Abstract

Many studies have shown that missense mutations might play an important role in carcinogenesis. However, the extent to which cancer mutations might affect biomolecular interactions remains unclear. Here, we map glioblastoma missense mutations on the human protein interactome, model the structures of affected protein complexes and decipher the effect of mutations on protein-protein, protein-nucleic acid and protein-ion binding interfaces. Although some missense mutations over-stabilize protein complexes, we found that the overall effect of mutations is destabilizing, mostly affecting the electrostatic component of binding energy. We also showed that mutations on interfaces resulted in more drastic changes of amino acid physico-chemical properties than mutations occurring outside the interfaces. Analysis of glioblastoma mutations on interfaces allowed us to stratify cancer-related interactions, identify potential driver genes, and propose two dozen additional cancer biomarkers, including those specific to functions of the nervous system. Such an analysis also offered insight into the molecular mechanism of the phenotypic outcomes of mutations, including effects on complex stability, activity, binding and turnover rate. As a result of mutated protein and gene network analysis, we observed that interactions of proteins with mutations mapped on interfaces had higher bottleneck properties compared to interactions with mutations elsewhere on the protein or unaffected interactions. Such observations suggest that genes with mutations directly affecting protein binding properties are preferably located in central network positions and may influence critical nodes and edges in signal transduction networks.

Highlights

  • Most cancers are characterized by genomic instability which is considered to be one of the important factors driving tumor development [1]

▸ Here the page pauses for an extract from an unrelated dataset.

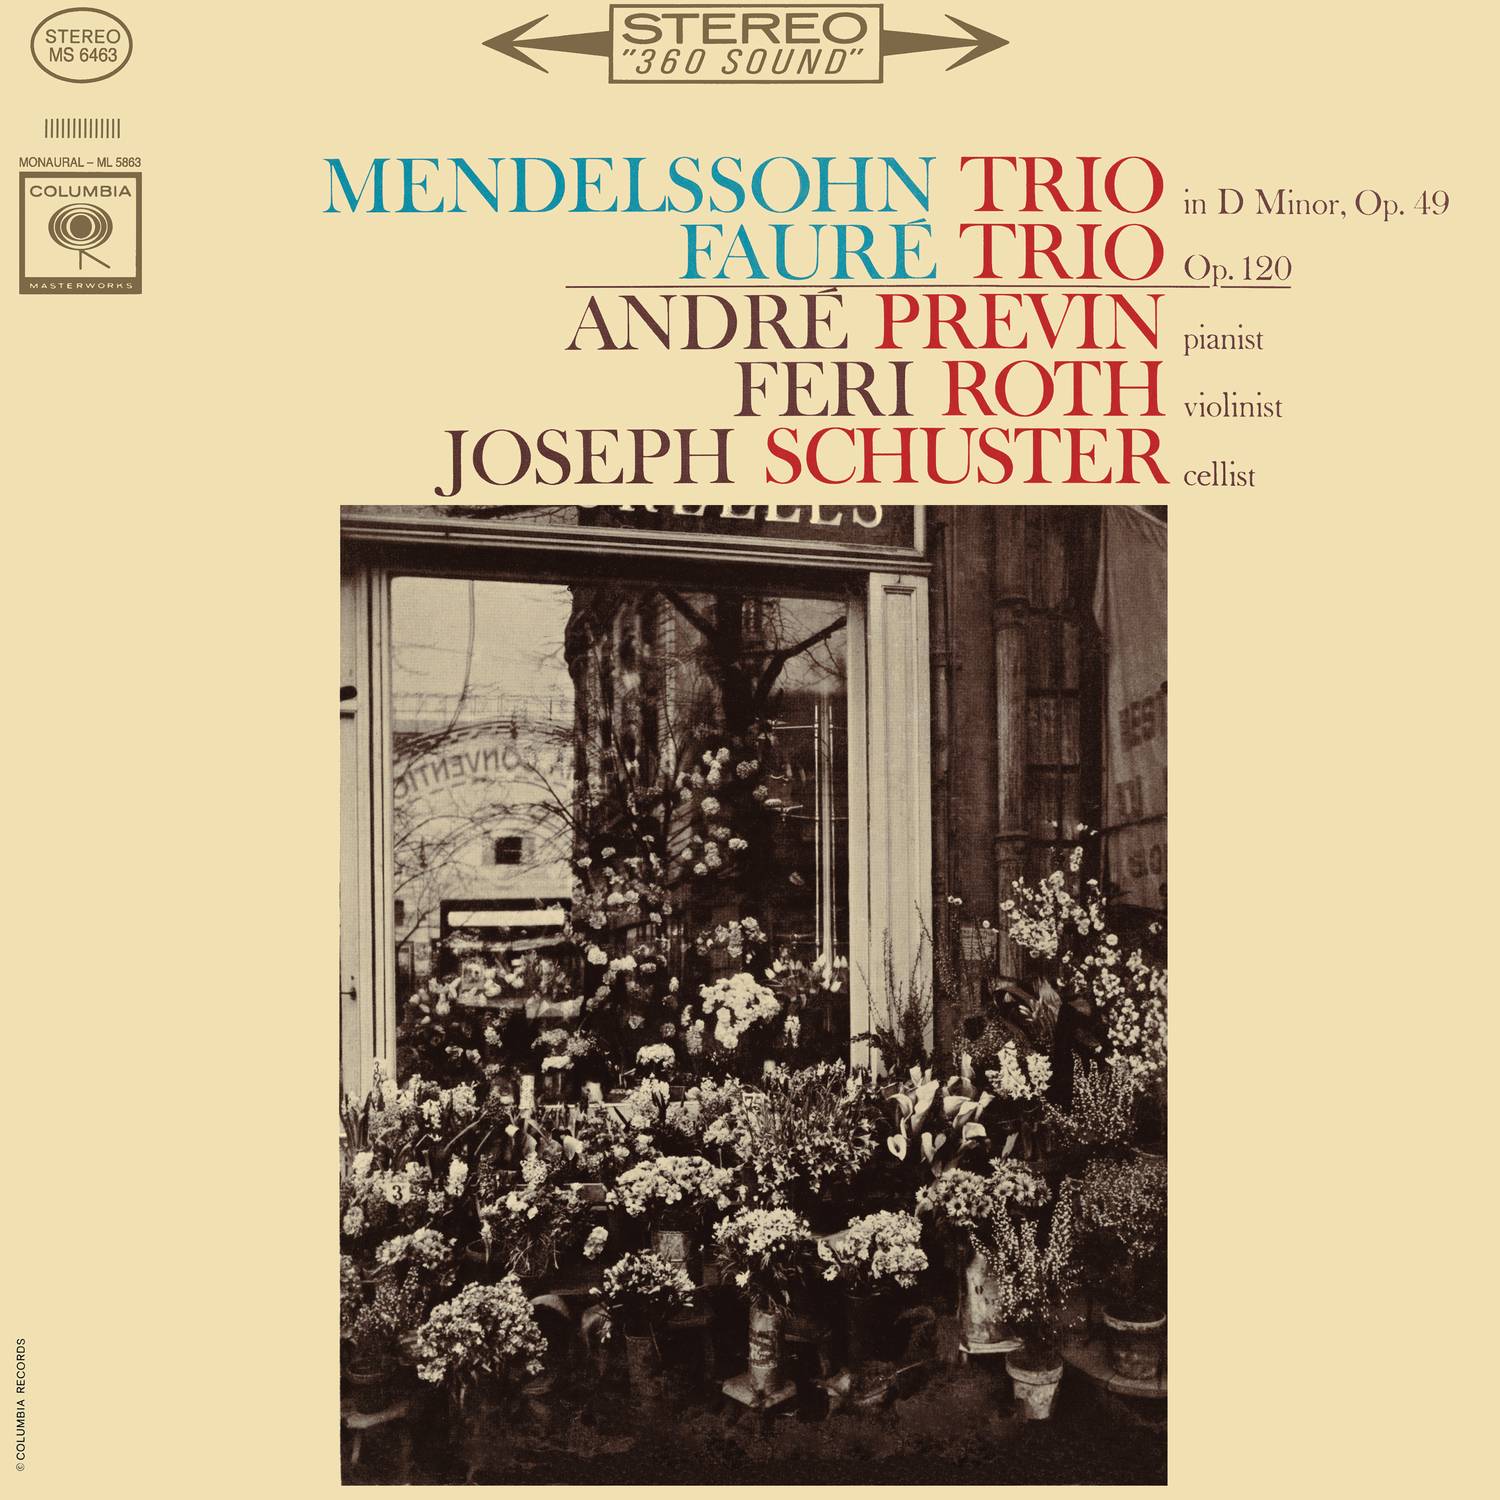 Mendelssohn: Piano Trio No. 1 in D Minor, Op. 49  Faure: Piano Trio in D Minor, Op. 120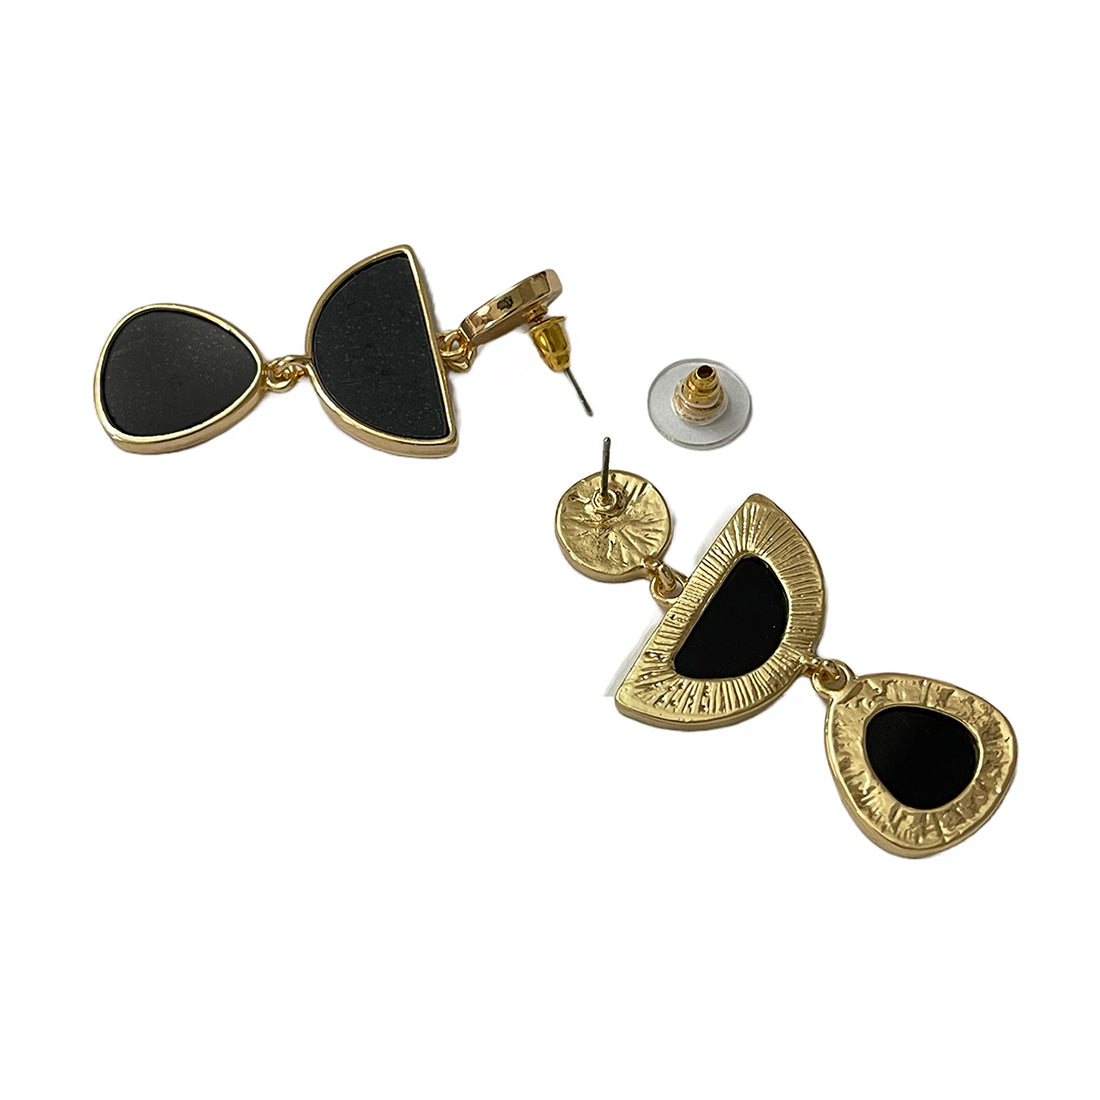 Organic Black Acrylic Gold-Toned Triple Drop Earrings

  • Cancer Mutations might Affect Phosphorylation Sites Many proteins that play an important role in cancer may participate in signaling pathways, typically mediating signals through phosphorylation events

  • We embedded these interactions in a web of 4,073 interactions between 2,928 human proteins where each interaction was obtained by high-throughput methods as well as confirmed by the IBIS structural inference approach. In such a ‘confirmed interaction network’ we considered interactions that involved a protein with a mutation anywhere in a protein, allowing us to collect 444 ‘‘all mutant interactions’’ (AI)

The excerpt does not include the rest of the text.